To say 2017 started off slow would be a bit of an understatement. A total of just 50 retail CRE sales took place in our region during the first two months of the year.
The average for any other two month span in 2017 was 70. In fact, when looking back on any Dec-Feb period, Dec 2016 through Feb 2017 produced the lowest transaction volume we had seen since 2012-2013. Some may point to an election year, others to initial interest rate reactions.
Looking back now, it was only a minor hiccup in an otherwise record-breaking year that saw over $700M in single-tenant transactions alone. The average closing cap rate across all retail property types compressed only slightly (3 basis points) but fared far better than most other regions across the U.S. which are reporting increasing cap rates and decreasing transaction volume. With regard to general valuation, at just 3 basis points, 2017 marked the smallest decrease in cap rates we’ve seen since 2011. For some historical context, the average decrease in cap rates from 2011-2016 was nearly 30bps per year.
While we know it’s nearly impossible to predict market cycles, it appears, in terms of retail cap rates, that we’ve reached the peak.

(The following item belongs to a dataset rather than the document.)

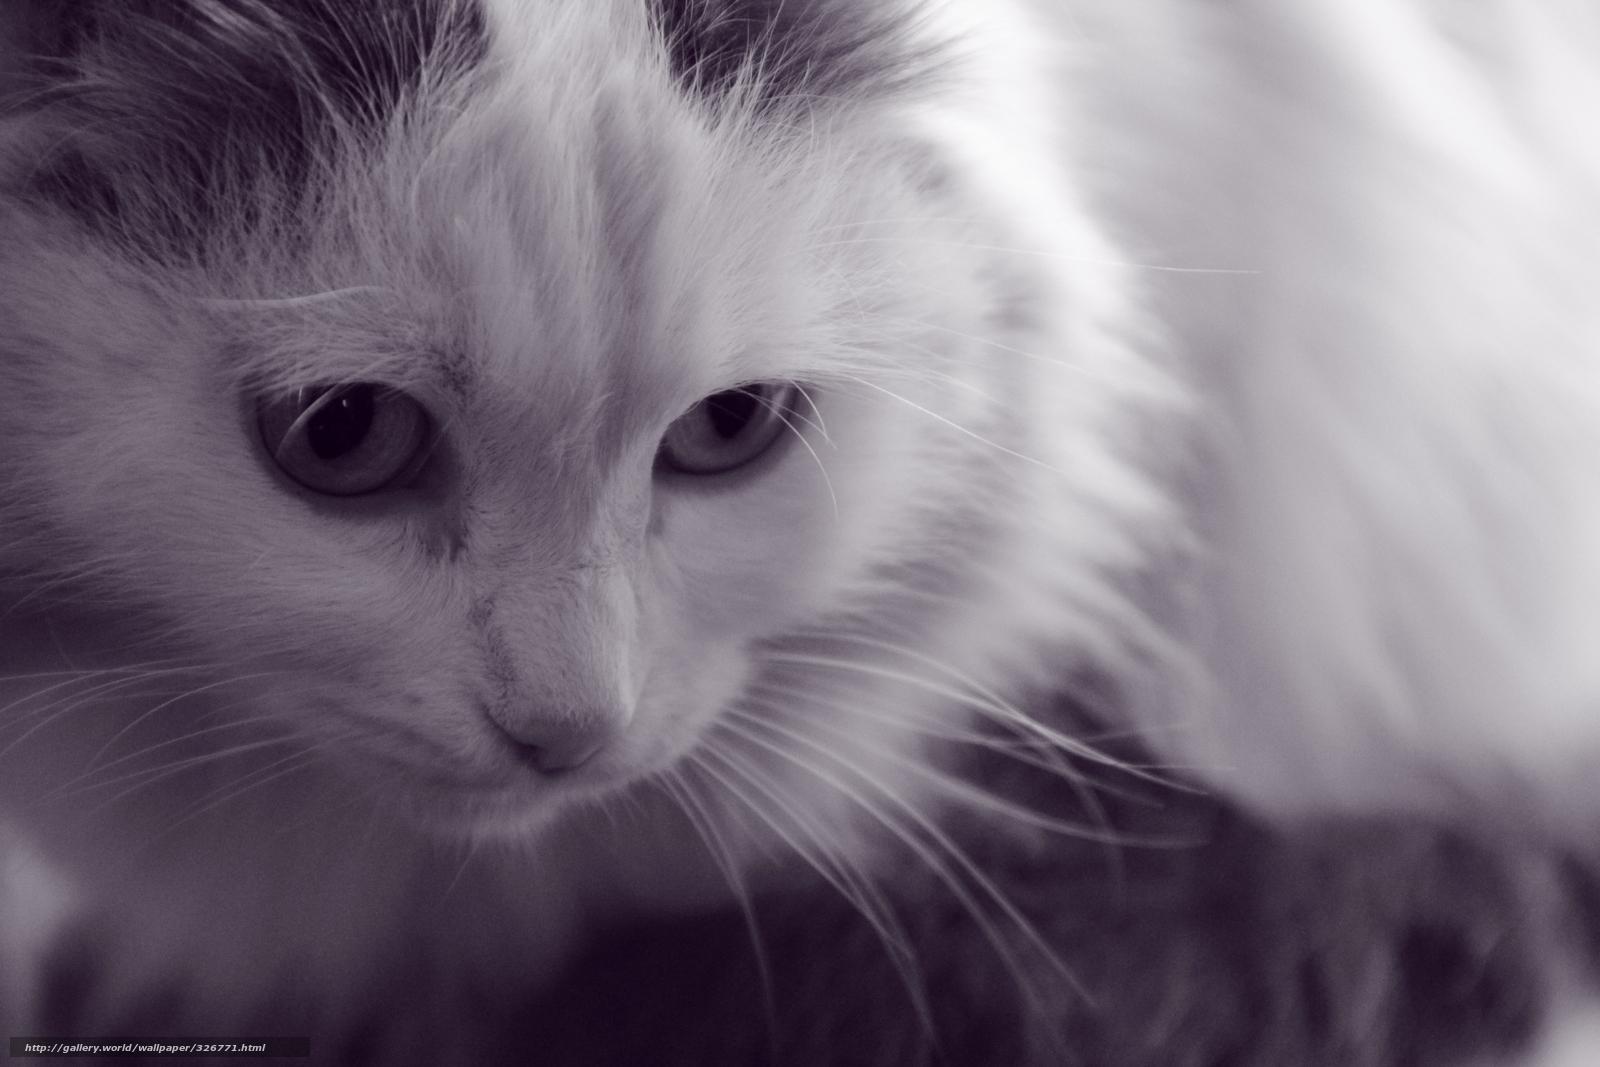 Tlcharger fond d 39 ecran chat blanc animaux fonds d 39 ecran for Bureau fond d ecran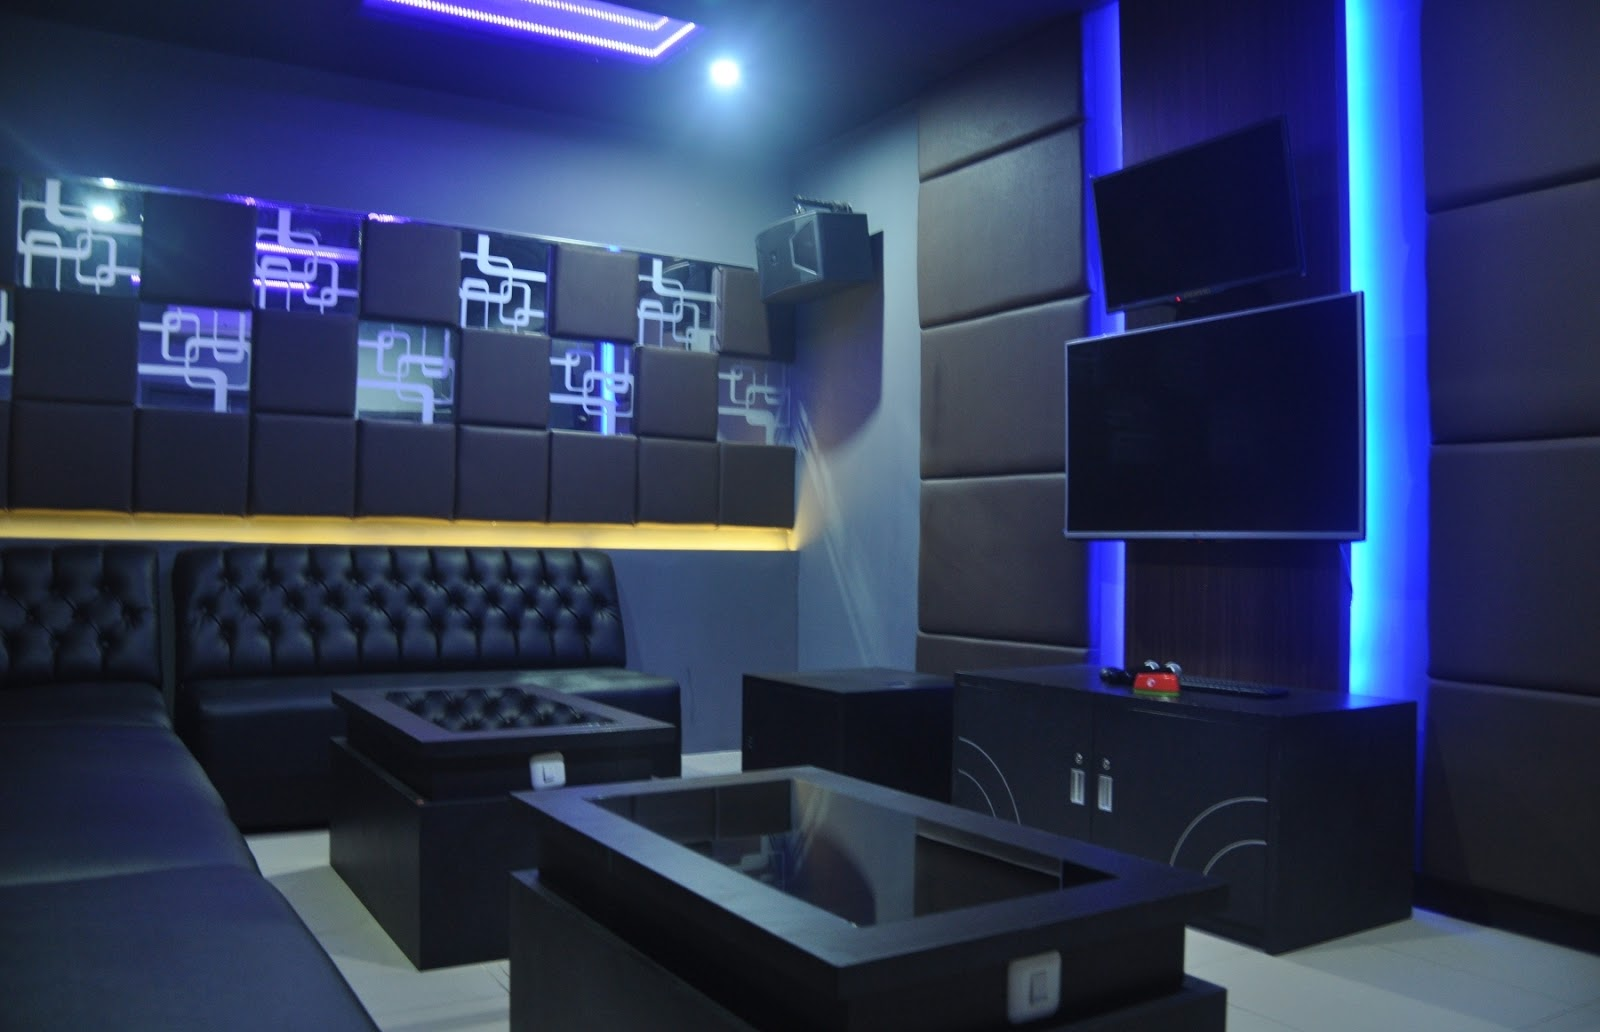 The best karaoke bars in Surakarta, Central Java

It would be hard to imagine after a fairly obvious plateau that we will see any sort of prolonged period of cap rate compression in the next couple of years. Keep an eye out for our mid-year report (July) where we will have a much clearer picture of 2018 metrics.
Grocery & Power Centers
Bifurcation in the Pacific Northwest’s institutional retail investment market has become a stark realization. The demand for core products remains exceptionally high and in places like Seattle, Portland and Bellevue, record cap rates prevail. As you travel further from the urban core and start introducing suburban box risk, that demand has certainly leveled out when compared to 2014-2016. The number of $10M+ shopping center listings in Pacific Northwest that have either expired or continue to sit on the market is the highest we’ve seen since we started tracking this information over a decade ago. Pricing expectations certainly play a role in a changing market and after 7 straight years of cap rate compression it’s easy to understand why a gap may exist. In 2018, we expect those expectations to align more accurately as the market is speaking for itself.
2017 ended with a record 123 unanchored retail sales in OR/WA, up 7% from the previous record set in 2015. Transaction volume nearly hit the $600M mark and will go down as the 2nd strongest year in that regard. For the first time in 7 years, cap rates have finally plateaued. There was a nominal 1 basis point increase over 2016; in comparison the average YOY decrease since 2010 has been nearly 50 basis points. Similar to other product types, a significant spread between asset classes has taken shape. Newly constructed unanchored sales or those with national credit tenants sold at an impressive 112 basis point premium. We expect that trend to continue in 2018.
Single Tenant Retail
At the start of the year (and in 2016) the “experts” predicted single-tenant cap rates would start to rise after several years of compression. And for the 2nd year in a row, they were wrong. The 130 single-tenant sales we tracked in OR/WA produced an average cap rate of 5.65%, down another 10 basis points from 2016. What’s more impressive is that for the first year on record, transaction volume eclipsed the $700M mark, the previous record from 2015 was under $550M. The average single-tenant sales price in 2017 was $5.4M, a 30% increase over 2016 and also easily a record. These figures will be tough to match in 2018 but it’s far too early to predict what to expect in the larger scope. Case in point, by the end of February 2017 total single-tenant sales volume stood at only $66M, or just 9% of the ending total for the year.